The first is the money in politics. I think the last presidential election cost around a billion dollars. That works out to less than a dollar a year per citizen. It doesn't seem like a lot of money to spend to determine the direction of your country. As for the lobbyists and corporate donations, it sure looks like the general public can generate a lot more money through millions of small donations then any corporation could part with. Even looking at a few of the previous elections, I think Obama and Harper both benefited from lower average donations from a larger group of people. I think the problem might not be the money, but rather that only a few are engaged enough to spend it while the others complain. I would wonder how many of the protestors have donated even 5$ a year to a party or political campaign that they believe in.
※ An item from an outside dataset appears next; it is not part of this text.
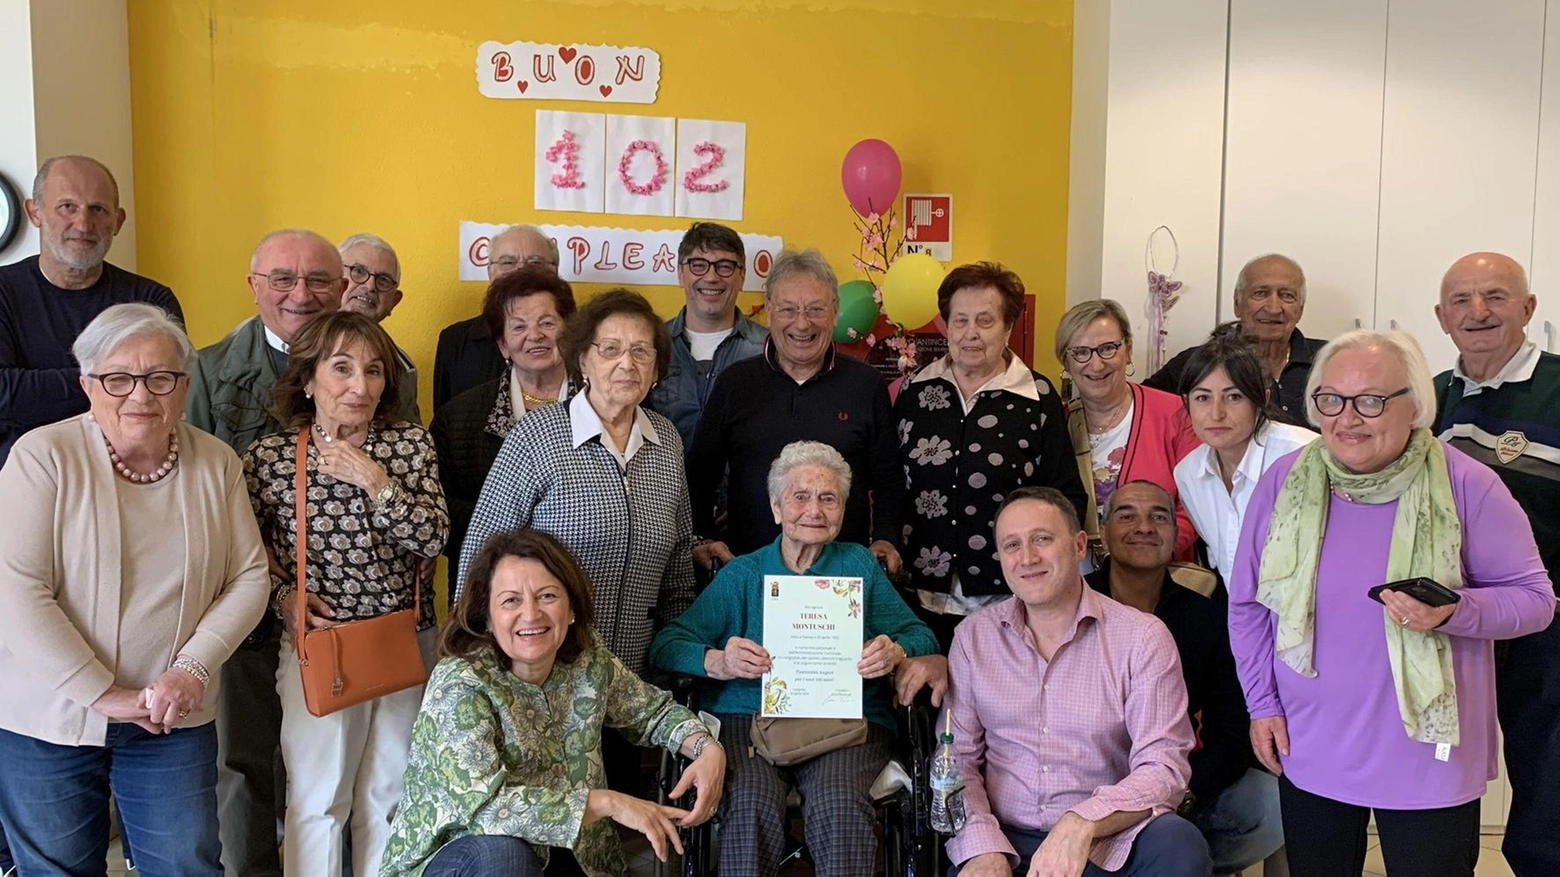 Teresa Montuschi, 102 anni, in ottima forma, festeggiata a Cotignola. Gioca a carte, pedala e riceve auguri per il traguardo centenario.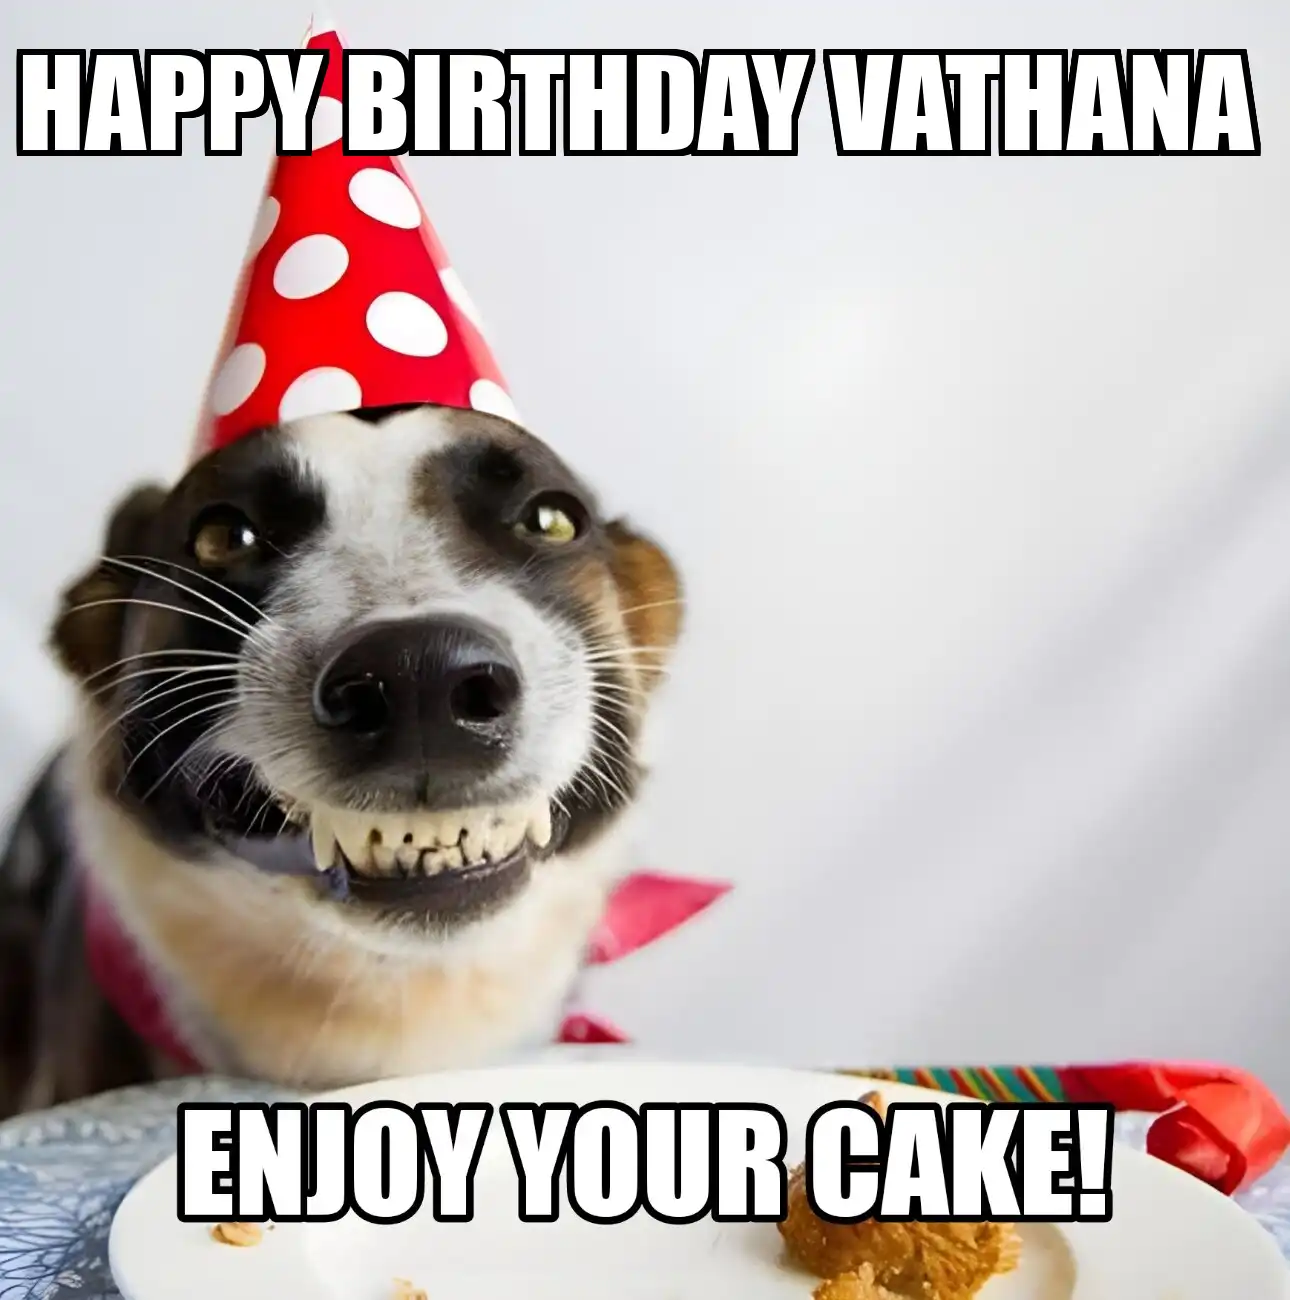 Happy Birthday Vathana Enjoy Your Cake Dog Meme

My second complaint is the wealth gap. I don't see a wealth gap as a bad thing by itself. If inflation adjusted income is dropping in any quintile there is a problem, but if everyone is making more money but some are seeing their wages increase faster than others why does that matter. As an example, if I start a business that bills out all employees at an hourly rate equivalent to cost plus 20% then if I need 5 employees to make the same income as the employees. From there, for every extra employee I hire, their salary will stay constant but my profits will go up. Looking at that purely from the perspective of the wage gap, hiring extra employees would make me a monster and sharing a rate increase with them in the form of a wage bump would be a neutral act.